The reason for the effectiveness of the Shannon-inspired model in compensating for errors is the enhancement in MI I (Y o ; Y a ) due to error statistics shaping via PDB and PDR, as shown in Fig. 9(c) 
B. IMPACT OF NONIDEALITIES AND PROCESS VARIATIONS
Next, we evaluate the tolerance of the proposed Shannoninspired architecture to various practical nonidealities, such as a finite number of distinct clock pulsewidths, process variations, and clock pulsewidth variations. While PDB and PDR can potentially assign a unique delay to each gate, in practice, those delays need to be further quantized to take one value out of the finite set of available distinct clock pulsewidths. Fig. 10(a) shows the p TP versus cp-avg curves for the Shannon-inspired architecture after quantizing the ideal clock pulsewidths to 46 distinct pulsewidths for the SVM implementation [see Fig. 8(b) ] consisting of 54 332 gates. The number of distinct clock pulsewidths is of the same order as the number of gating domains explored in [28] . We observe negligible deterioration in the accuracy of the Shannon-inspired architecture (in cp-avg < 1% regime). Such gate clock pulsewidth quantization enables amortization of the clock pulse generation circuitry, including the sharing of the clocking transistors across different nanomagnets [28] . The clock network design is further simplified, since the quantized clock pulsewidths are integer multiples of the shortest reference clock, and multiple parallel dot products (in applications, such as filter banks and neural networks) can share a single clock generation circuitry.

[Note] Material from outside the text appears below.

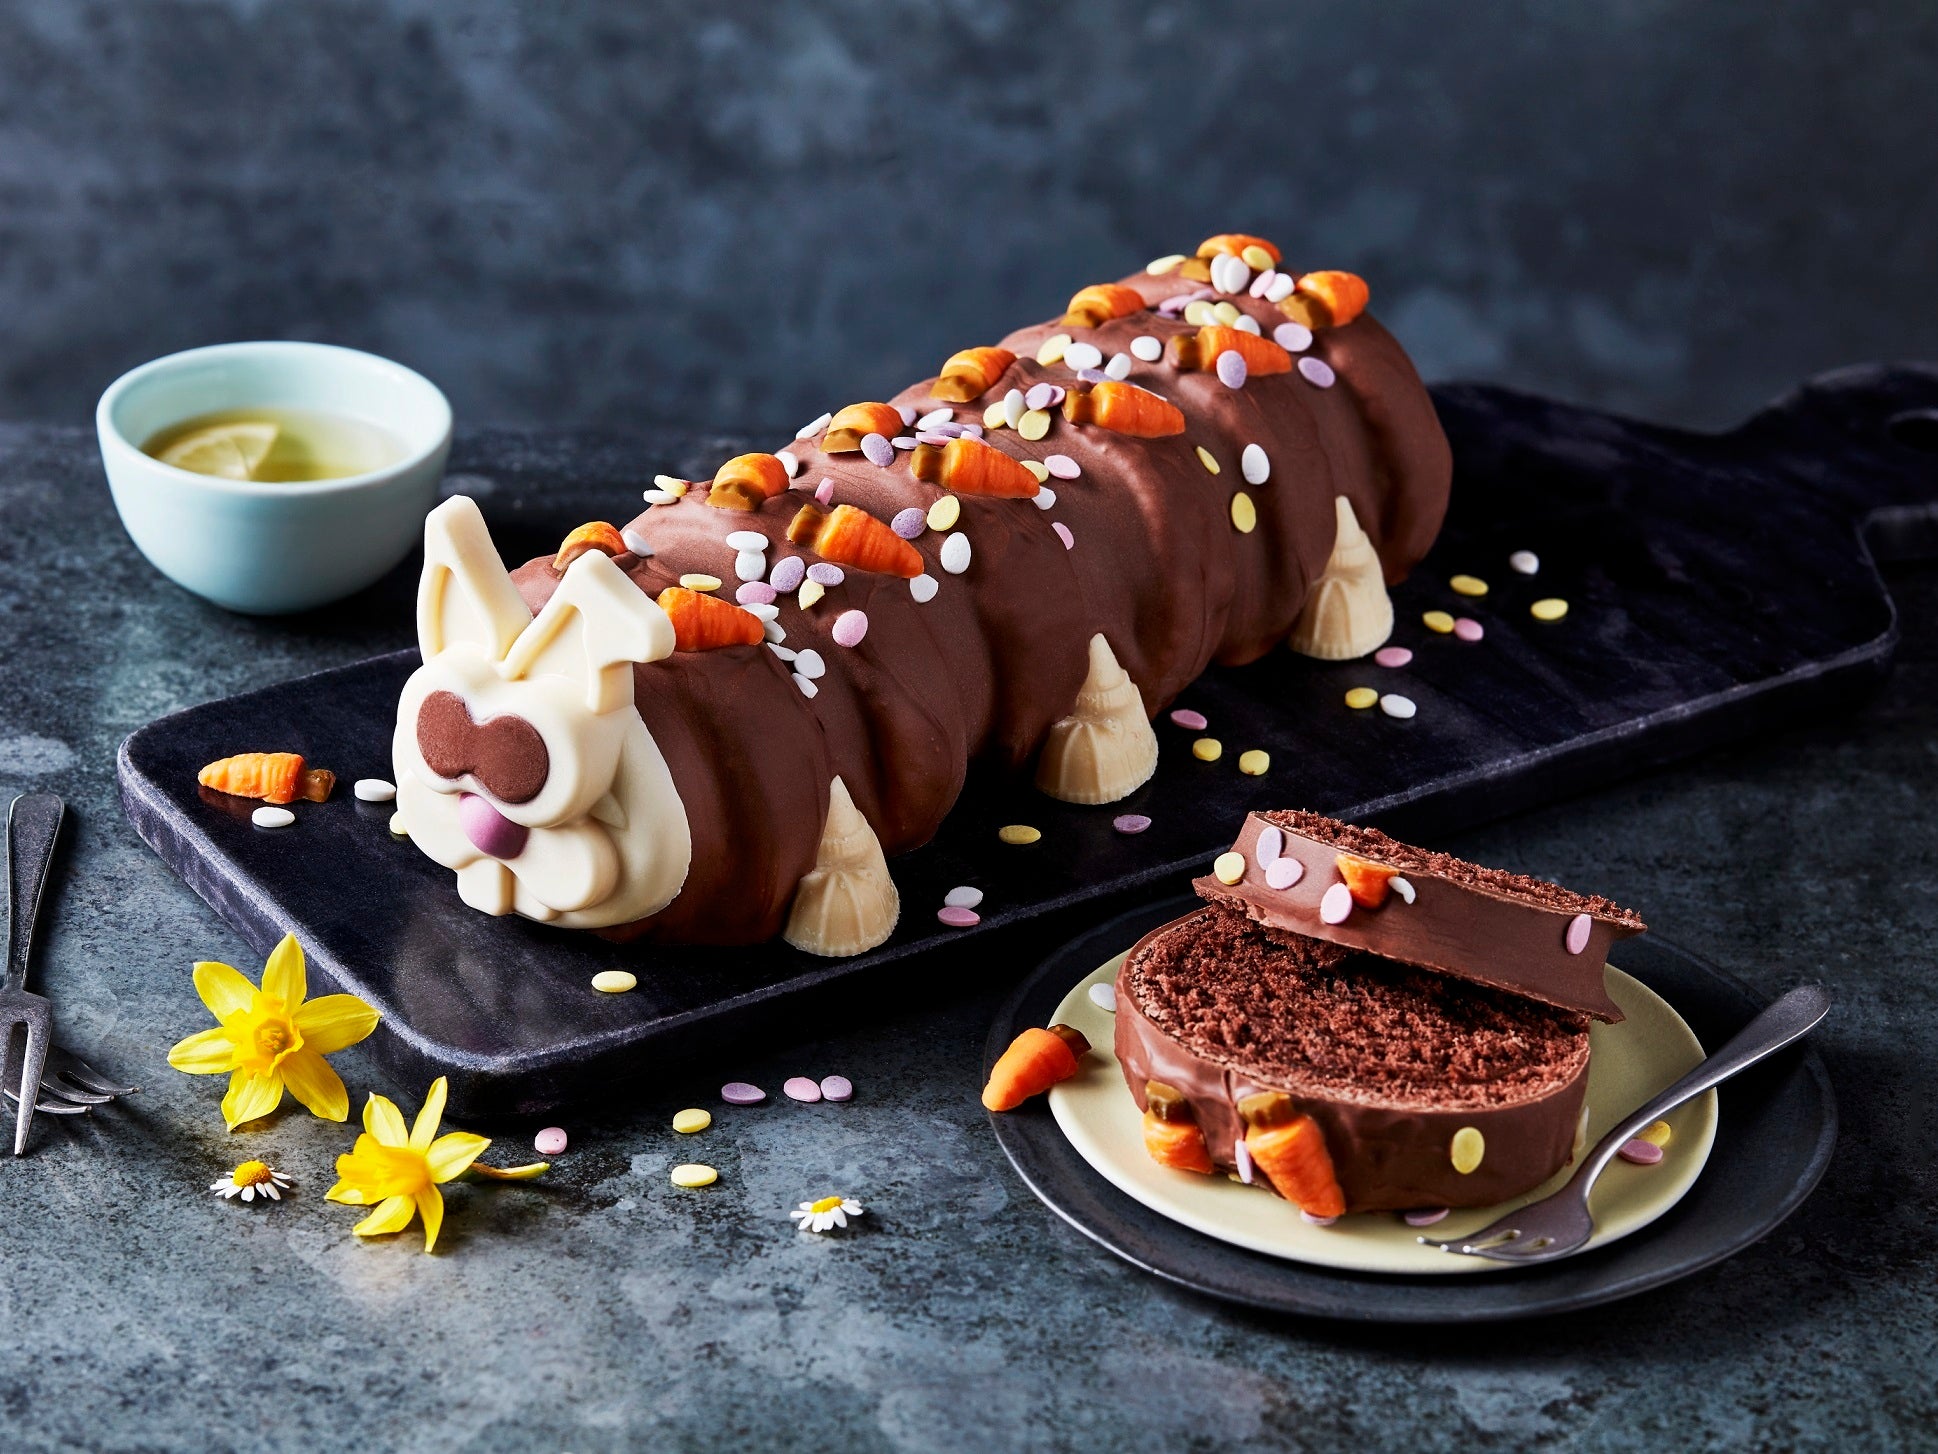 M&S brings back superhero Colin the Caterpillar for Father's Day - The Mail
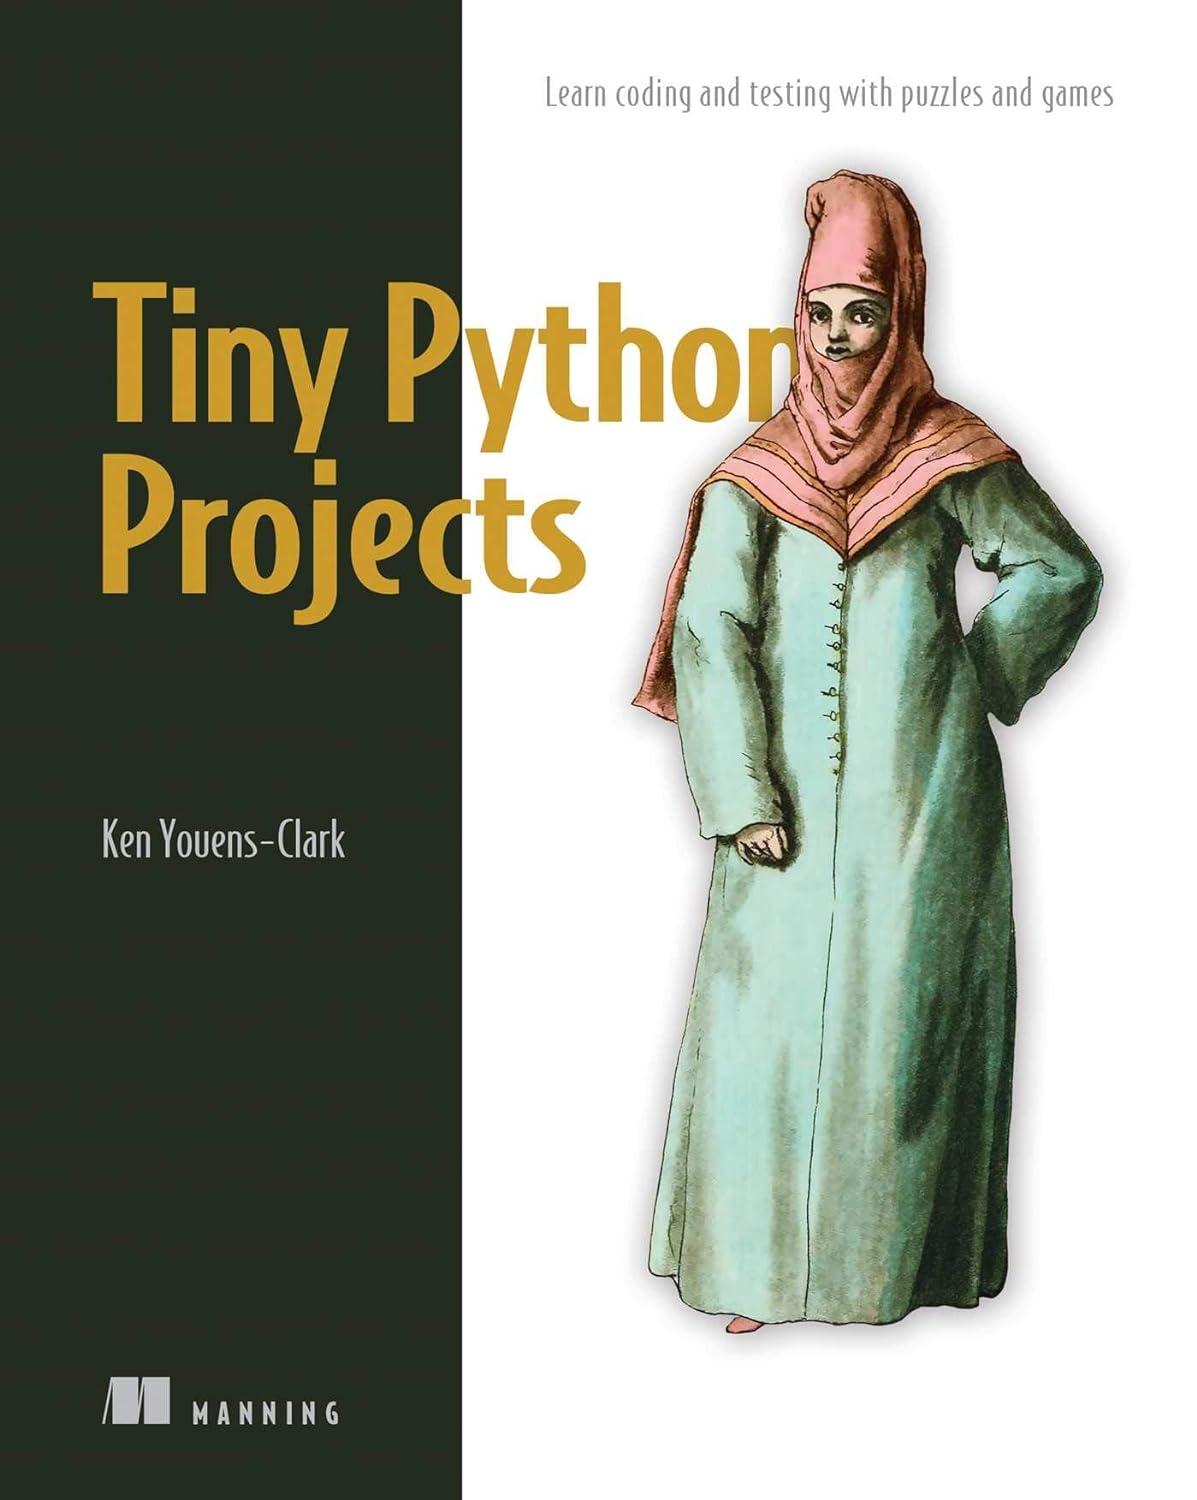 tiny python projects learn coding and testing with puzzles and games 1st edition ken youens clark 1617297518,

Process variations present an additional challenge in beyond-CMOS systems. We evaluate the tolerance of the Shannon-inspired approach to static within-die variations in three device parameters, namely, energy barrier E b , damping coefficient α of the nanomagnets, and clocking transistor ON current I ON . We observe in Fig. 10(b) that the Shannoninspired architecture with quantized clock pulsewidths can tolerate a 3(σ/µ) variations of up to 24% in each of the three device parameters. When dynamic variations in the clock pulsewidths are included in addition to their quantization and process variations, we find in Fig. 10(c) that the Shannoninspired architecture can tolerate a maximum deviation (β) of 20% of the minimum clock pulsewidth (T g,min ).
VI. DISCUSSION
In this paper, we demonstrated the benefits of employing the Shannon-inspired model of computation to enhance the tolerance of digital clocked ASL implementations to random gate-level switching errors. While it improves the energy efficiency of digital clocked ASL-based implementations, the same approach can be applied to many other spintronic devices, such as MESO [3] and CoMET [4] , as long as they use nanomagnet switching for information processing. The Shannon-inspired techniques have been previously applied to CMOS implementations to further reduce their energy consumption via voltage overscaling [32] , [42] . In contrast, ASL/spintronics provides a new way of trading of stochasticity with energy by realizing this energy-accuracy tradeoff at the device level. The Shannon-inspired approach can enhance the ability to perform reliable computation on stochastic device fabrics to enable the use of a highly error prone but scalable physical device.